The original "cakewalk," as Slate explained in 2003, was an informal dance African-Americans in the antebellum South invented. It was "intended to satirize the stiff ballroom promenades of white plantation owners." Dancers took part in contests, competing for slices of cake – hence the name. After emancipation, "cakewalk" came to mean "an easy task."
But it's the autumn of 2012, and there aren't many cakewalks here. The pedestrian metaphor that does seem to have real "legs" this season – on both sides of the political aisle – is "walking back."
It seems to be a variant on "backtracking," meant to be a little more neutral, and a little more dignified, than a "climbdown."
After the Oct. 3 presidential debate, in which Mitt Romney is widely seen as having trounced President Obama, the Orlando Sentinel offered a reader poll: "Is Mitt Romney reinventing himself?"
One of the answer choices was "Yes. He's now walking back from his primary plans to cut taxes for the rich, gut regulations for Wall Street, eviscerate everything in Obamacare, and punish all illegal immigrants."
That was clearly the answer button the Huffington Post would have pushed. Here's its analysis: "Republican presidential nominee Mitt Romney spent much of his first presidential debate ... walking back some of his core primary positions...."
Grammar geeks will notice the difference between the Sentinel's intransitive "walking back from and the HuffPost's transitive "walking back ... core ... positions."
The Daily Caller ran this piece by Neil Munro: "President Barack Obama's deputies are walking back his ground-breaking acknowledgment that Egypt is no longer an 'ally,' only one day after he declared that Mitt Romney tends to 'shoot first and aim later.'
"The pronouncement, or gaffe, apparently marked an informal end to the US government's 33-year alliance with Egypt.

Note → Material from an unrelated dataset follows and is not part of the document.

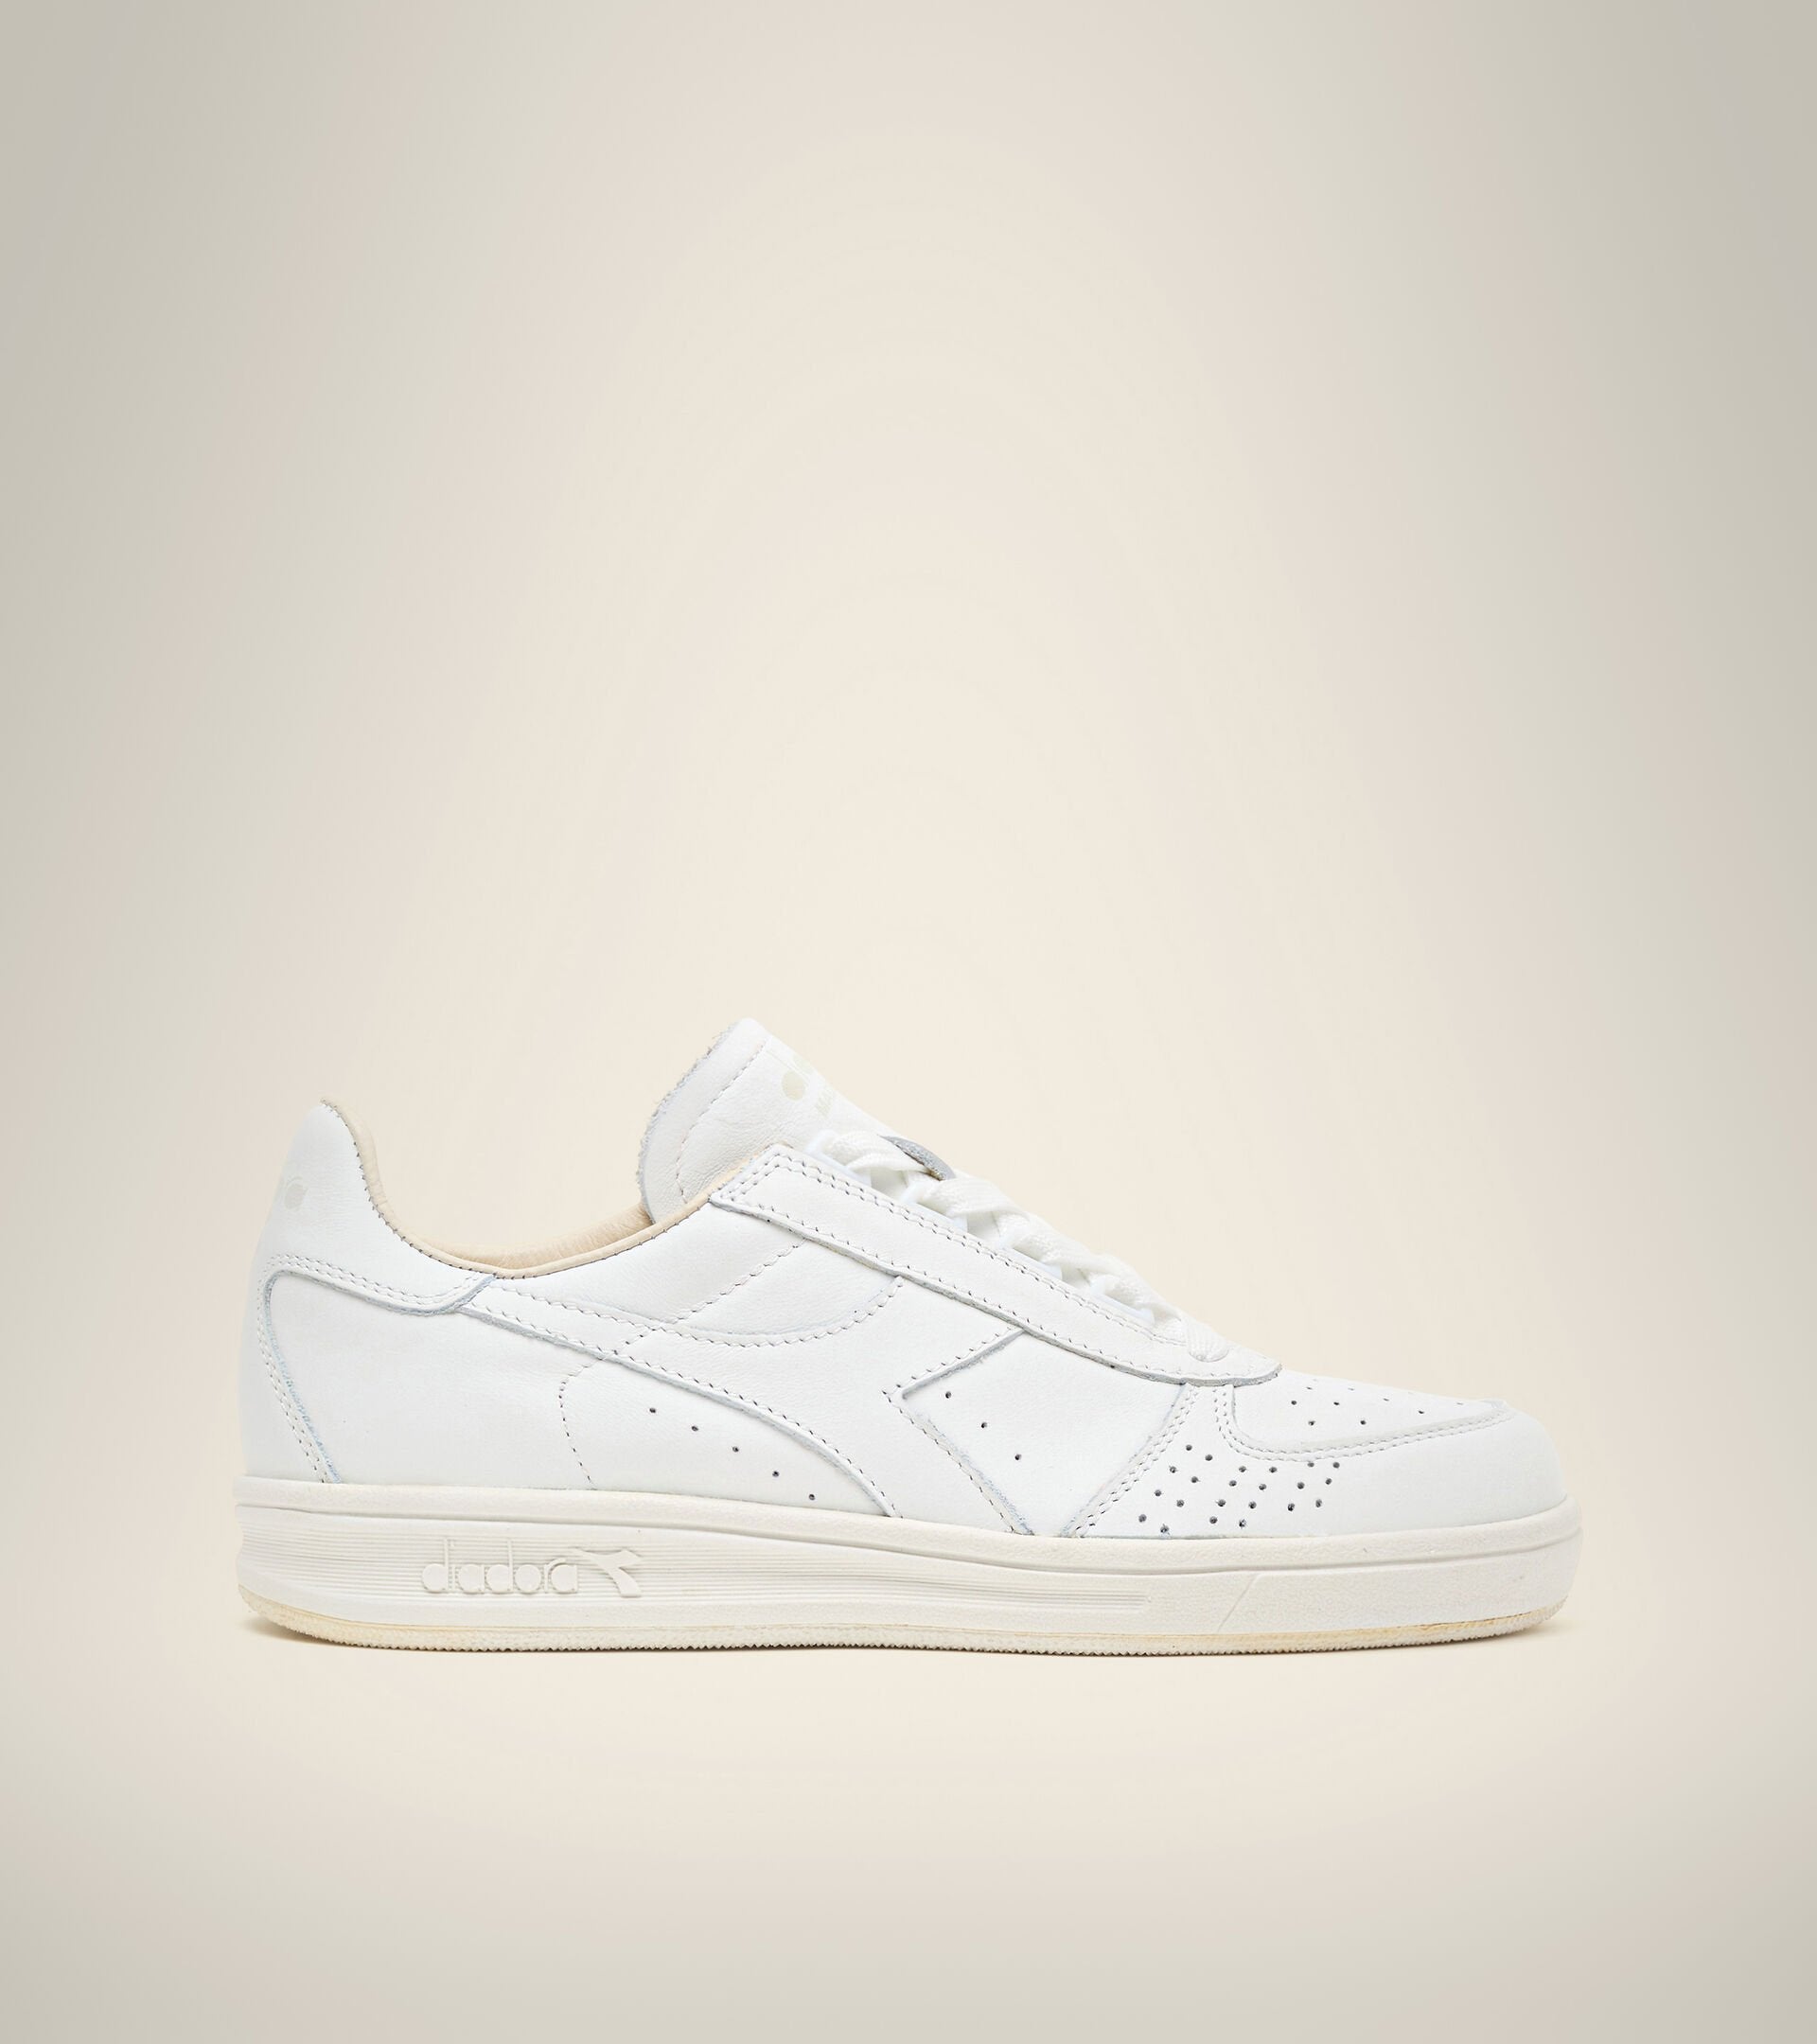 side view of white on white B. elite h italia sport diadora shoe made in italy

The attempted walk-back prompted taunts from GOP activists."
As often happens with a buzz phrase, "walking back" coexists in its literal uses as well as its metaphorical ones. In Oklahoma, for instance, the Tahlequah Daily Press reported recently on a 23-year-old monk who became the subject of a search-and-rescue mission involving "several fire departments and other agencies" after he got lost trying to catch up with a group of his brethren out on their daily walk. He spent the night in a cave – an appropriately monkish lodging, meseems – and while "walking back" the next day, stopped at a home where someone gave him a ride back to his abbey. He arrived "cold and wet" but safe and sound.
Walking back, it appears, can be a good way to find your way home – politically or otherwise.